Pablo De Santis: And of literature for boys. One does not know why they choose it but I would like to think about it because of that, I would love to represent the comic at the Academy. When the Academy awarded my novel “The Enigma of Paris” I met that institution for the first time, I was fascinated with the building, with the photos of the former academics, with some memories that are out there, autographed texts, by the Jorge Luis Borges library , old and with a collection of incredible books.
P .: In your new novel you go from the Academy of Letters to an academy of assassins.
P. De S.: There are no big differences. Now, for the 90 years of the Academy, a book is being published in which we academics collaborate with different types of work.
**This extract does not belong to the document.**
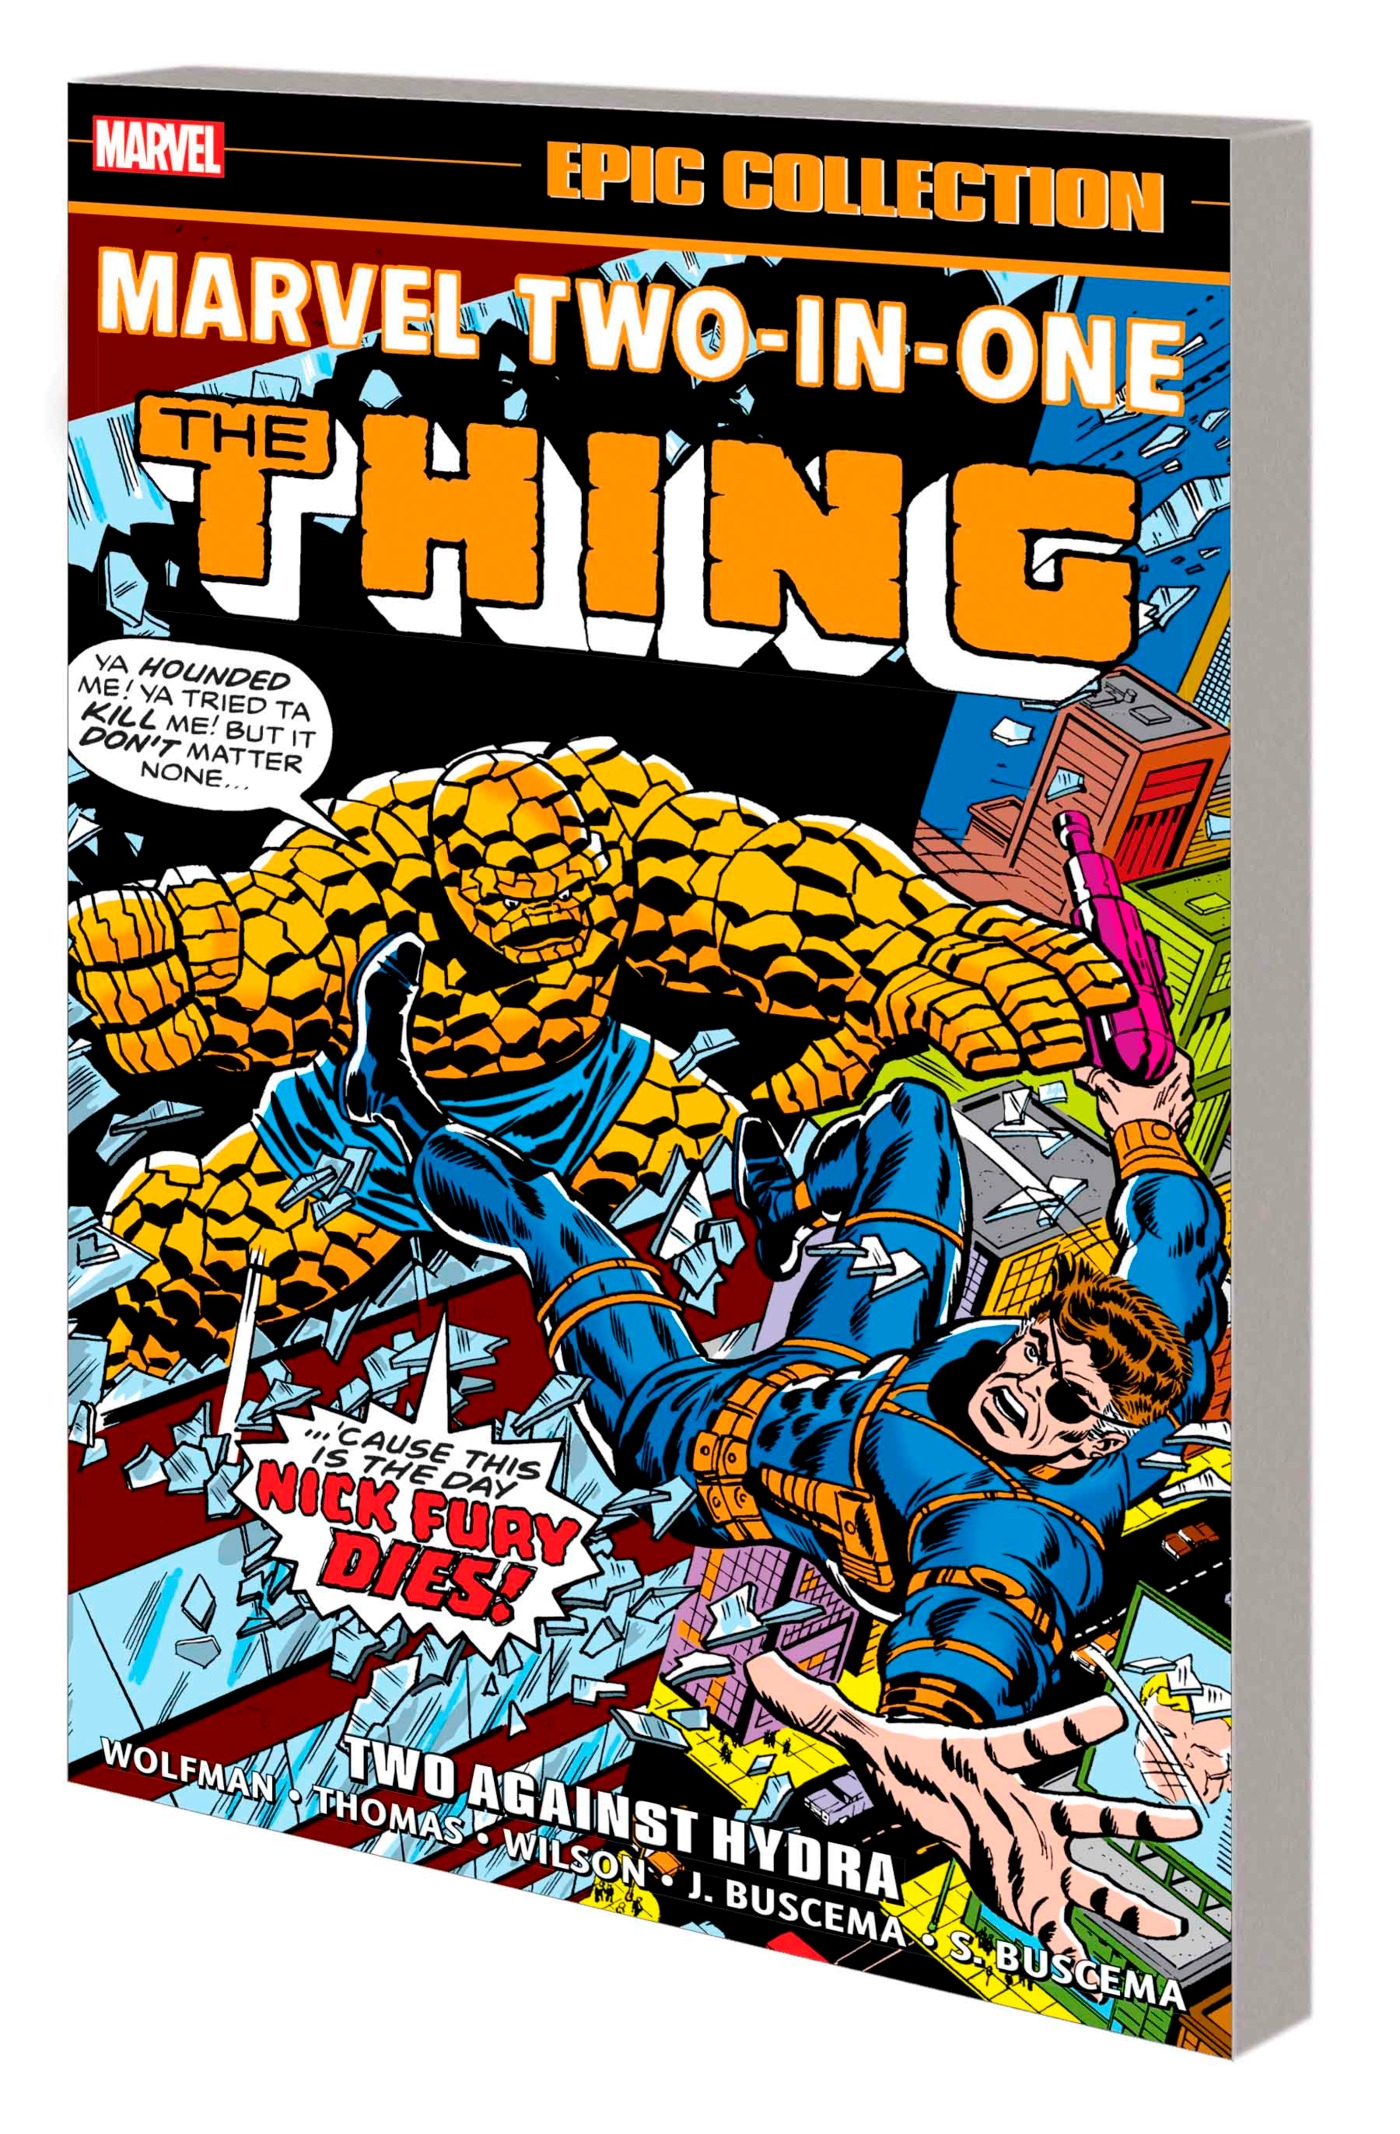 MARVEL TWO-IN-ONE EPIC COLLECTION: TWO AGAINST HYDRA by Marvel

In my case, together with another from journalism, without agreeing, we wrote police stories. Mine is the story of a 1972 murder at the Academy. I especially used the library for a police plot.
Q .: Is there a link between “Belladonna Academy” and “The Enigma of Paris”?
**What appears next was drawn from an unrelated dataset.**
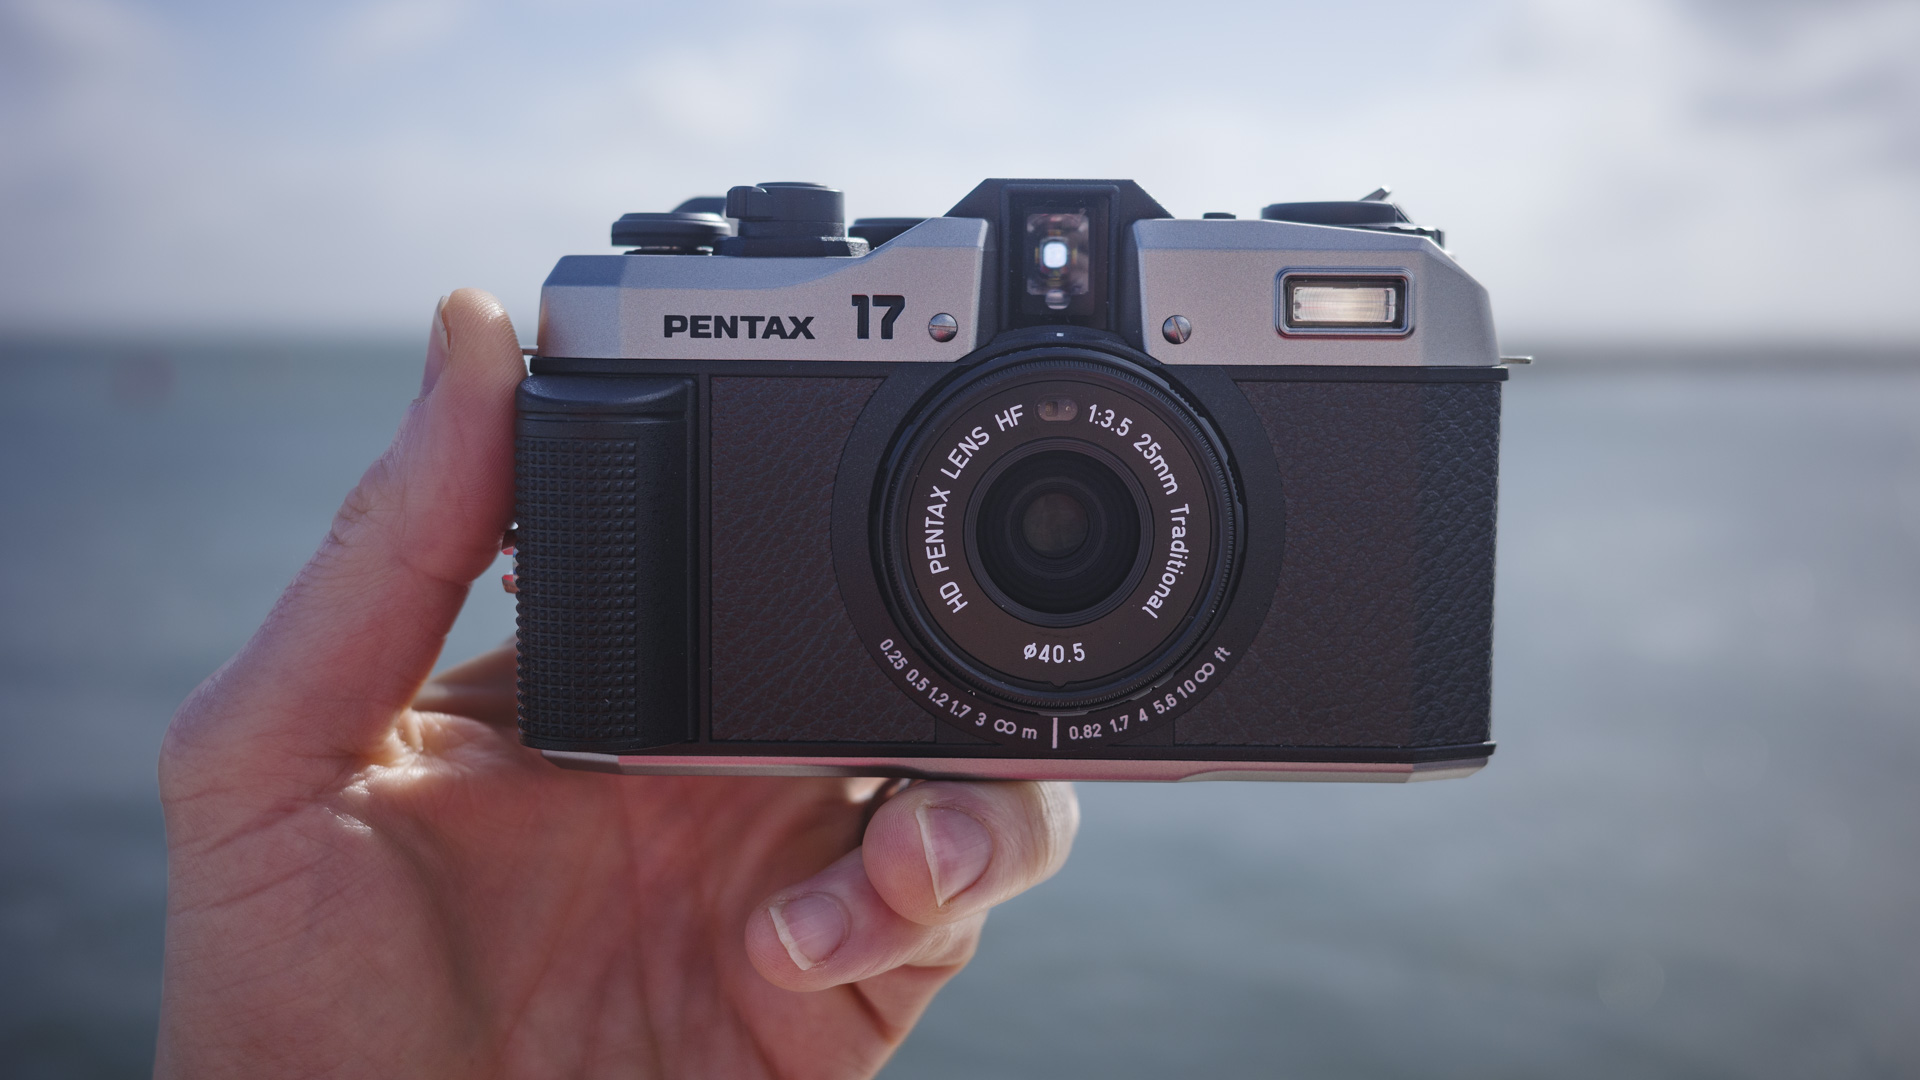 Pentax 17 compact film camera  front-on, in the hand  with ocean backdrop

P. De S.: A small link, one of the detectives reappears in a marginal place. Many years passed between what one novel tells about and another. The first takes place in 1889, this one in 1932, they are more than 40 years old. The English of “The enigma of Paris” appears much older with a place in the academy of this book, which does not tell the story of the detectives but the other side, that of the murderers. I tend in my novels to this kind of societies. In one they are architects; in another, calligraphers; in another, detectives; in this one, killers. Not quite bad as it will turn out, but they are there to kill, each for their own reason. Especially the protagonist who has to solve a question from his past. I think I had some influence from the “Avengers” series, the one with John Steed and Emma Peel. “Academia Belladona” is a fantasy about the detective novel. It’s more of a genre novel than a genre novel because it’s not a traditional policeman. It seeks to build an autonomous world far from reality and in a poetic key in some cases.
Q .: Like the protocol for assassins that you offer in a chapter.
P. De S.: That manual, a bit poetic, that Elizabeth Trent gives to the protagonist. There are external texts: obituaries, pages from a philately manual, lessons from Mrs. Trent, which accompany the main story and decorate the building of the novel. Sometimes the obituaries are an anticipation or a revelation to the reader of something that has already happened and accompany the changes in the protagonist. Those changes are inevitable in the novels. The story, so much shorter than the novel, shows a world that changes, while in the novel, more than a world that changes, it shows a character that changes. The novel is the territory of the characters, the world must be seen through the characters. The stories close with a slam of the door, the novels with a farewell that stays on the threshold and tends to continue waving.
Q .: Using philately for its financial nature, is it a tribute to “Nine Queens”?
P. De S.: I really got into the novel when I discovered that the stamps offered murderers to have their own economy, one on the fringes of the general economy. After my father died I got my old stamp albums back. Looking at it, I realized that many countries had disappeared, those of Eastern Europe, those that changed their name, those of Africa. With Bielinsky, director of the admirable “Nine Queens”, I worked on the script for “El aura”, his latest film, and with Fernando Spiner on the miniseries “Bajamar”.
Q .: Too many writers have died in recent years.
P. De S.: Piglia, Rivera, Abelardo Castillo, Laiseca, Saer and Fogwill long before, it was a kind of catastrophe for Argentine literature. Things about them have continued to be published and that gives them validity. There is a certain orphan in that sense, but there is a great movement, new publishers, people who publish. Last year I had a pessimistic vision, that everything was collapsing, but this year I see more publications, new bookstores, editorials, despite the crisis. When the pandemic eased a bit, everything came back to life a bit.
Q .: What are you up to now?
P. De S.: We are with Fernando Spiner in the script of a film based on my novel “The Translation”, which came out more than twenty years ago and was a finalist for the Planeta Prize. With Spiner we worked many times after “Bajamar”. I helped him in his documentary “La buya”. Now his film “Immortal” is going to be released, where I also worked on the script.